Work request →
Print the records below exactly, from the line containing "There is a white" down to the line containing "Marian Hossa to", both lines included, and omit every picture.

The input →
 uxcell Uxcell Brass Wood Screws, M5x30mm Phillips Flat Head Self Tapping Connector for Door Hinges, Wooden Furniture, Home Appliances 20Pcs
---
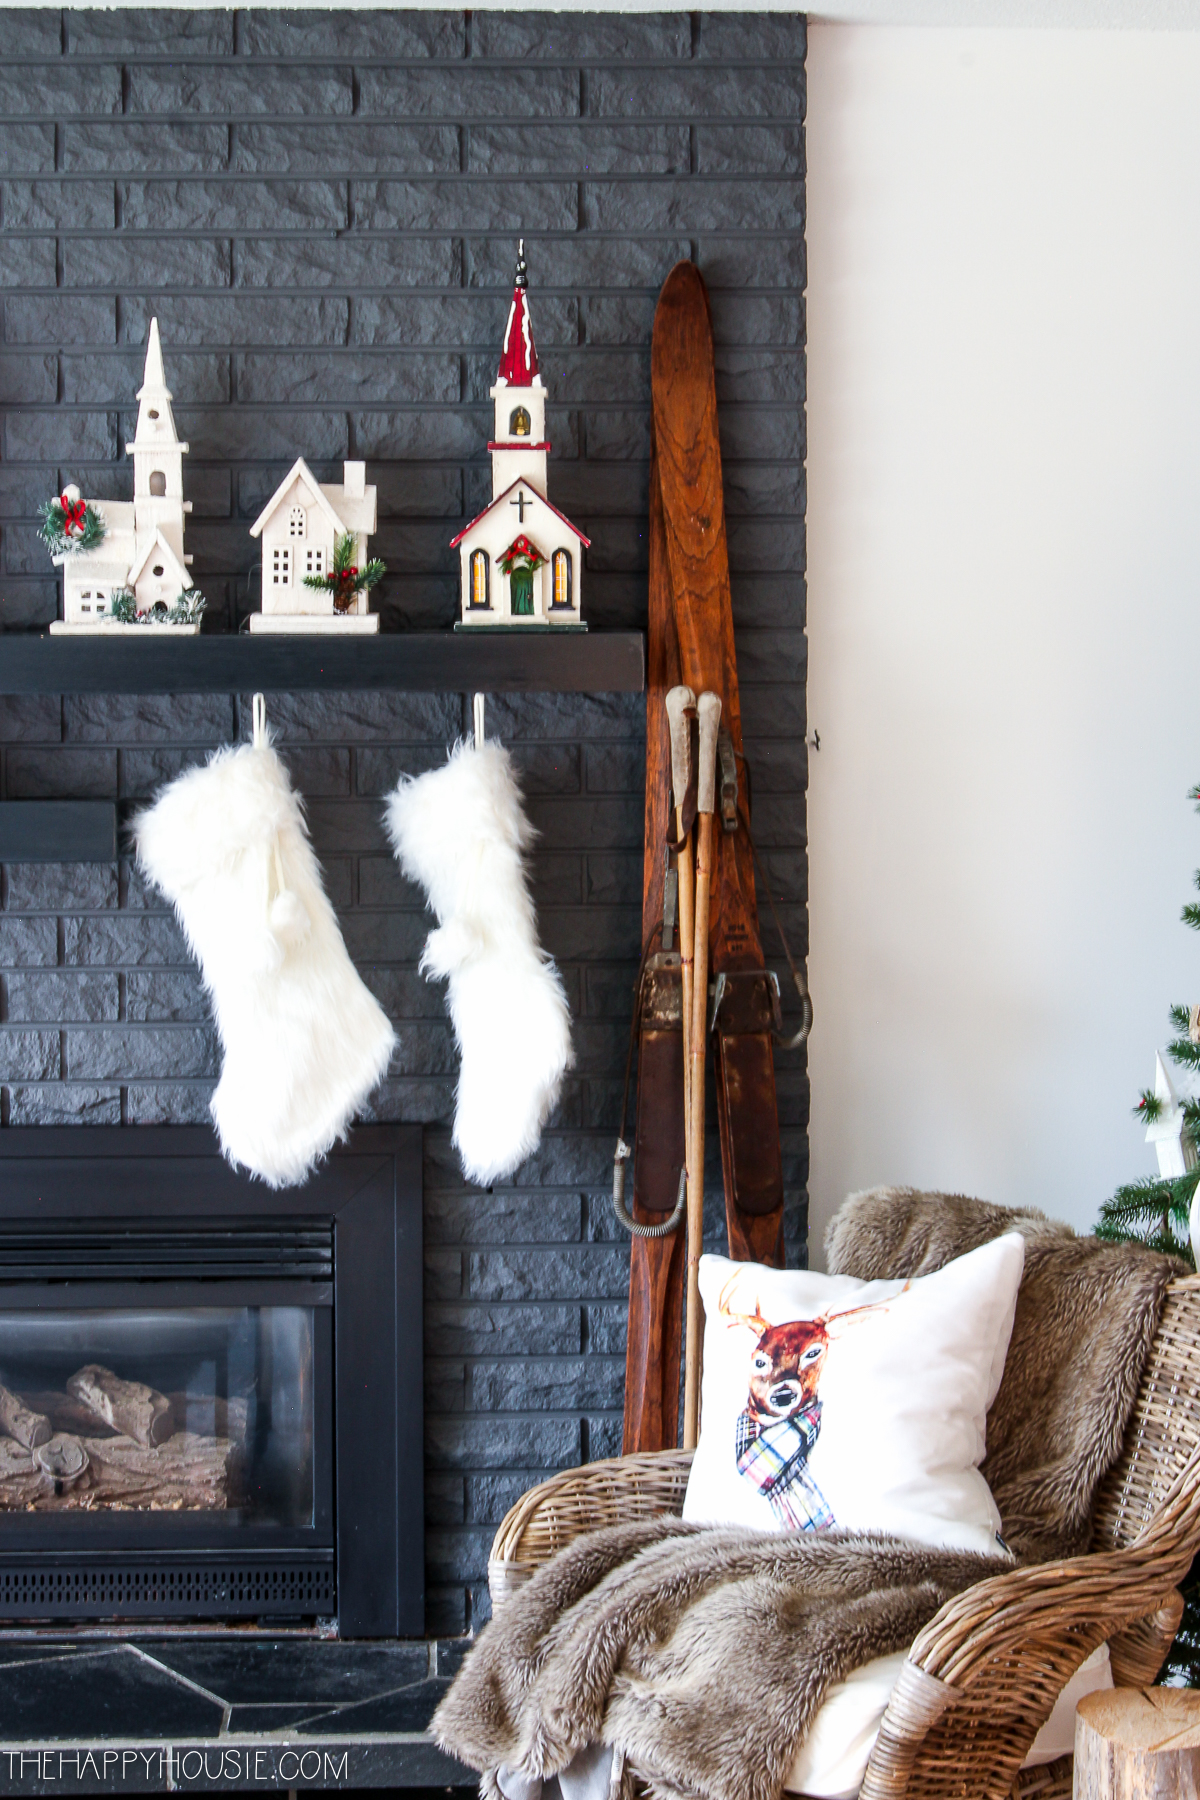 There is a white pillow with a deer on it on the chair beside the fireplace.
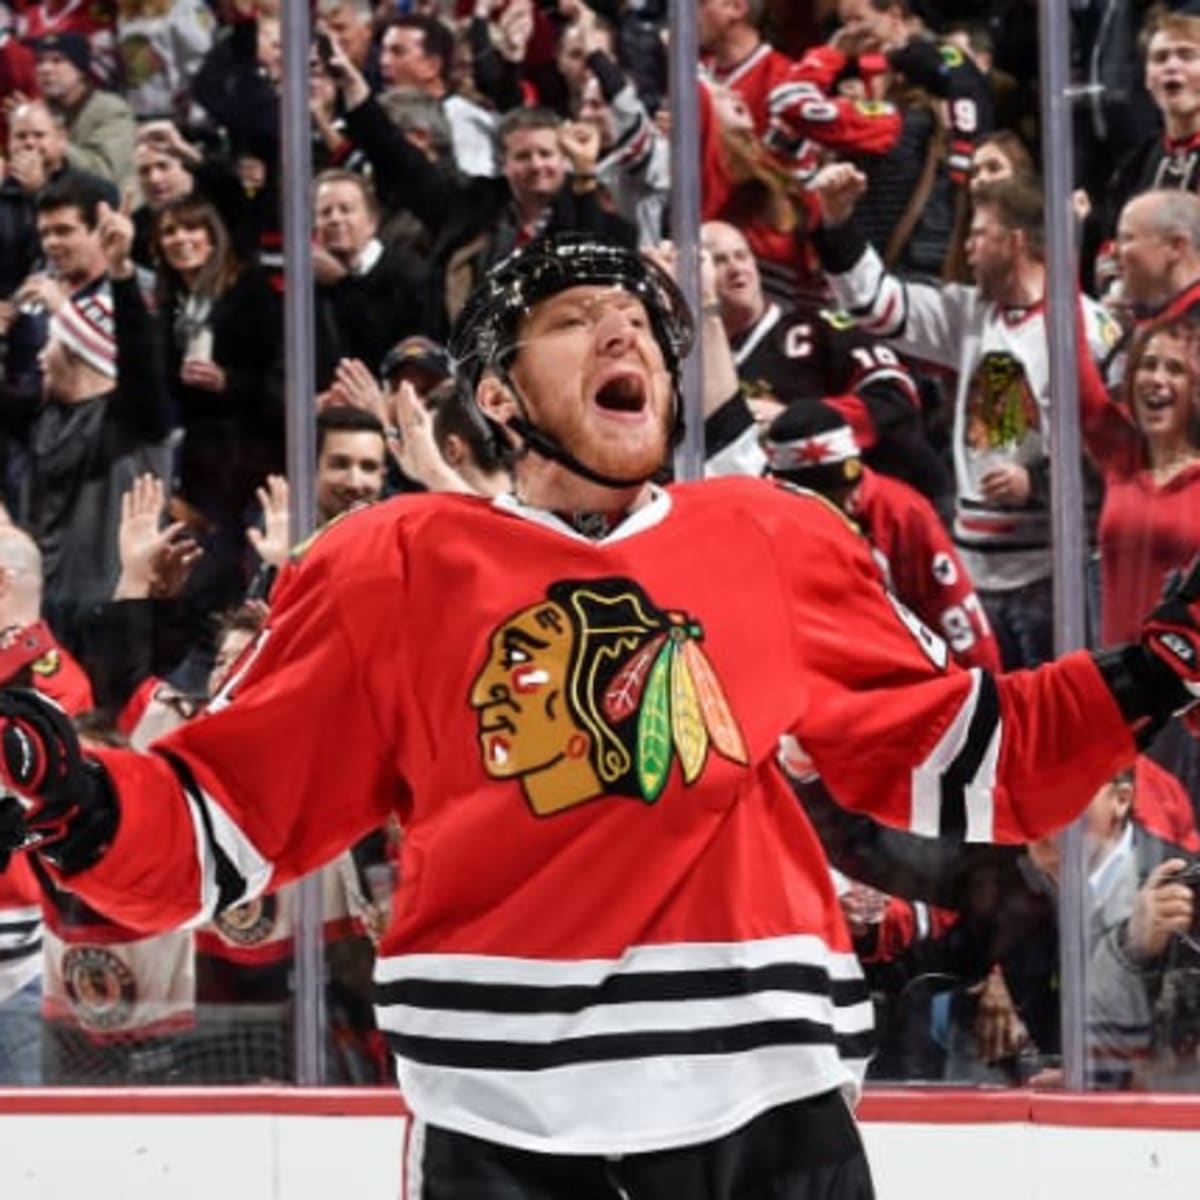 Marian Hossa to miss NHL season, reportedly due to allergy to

Task output →
 There is a white pillow with a deer on it on the chair beside the fireplace.
 Marian Hossa to miss NHL season, reportedly due to allergy to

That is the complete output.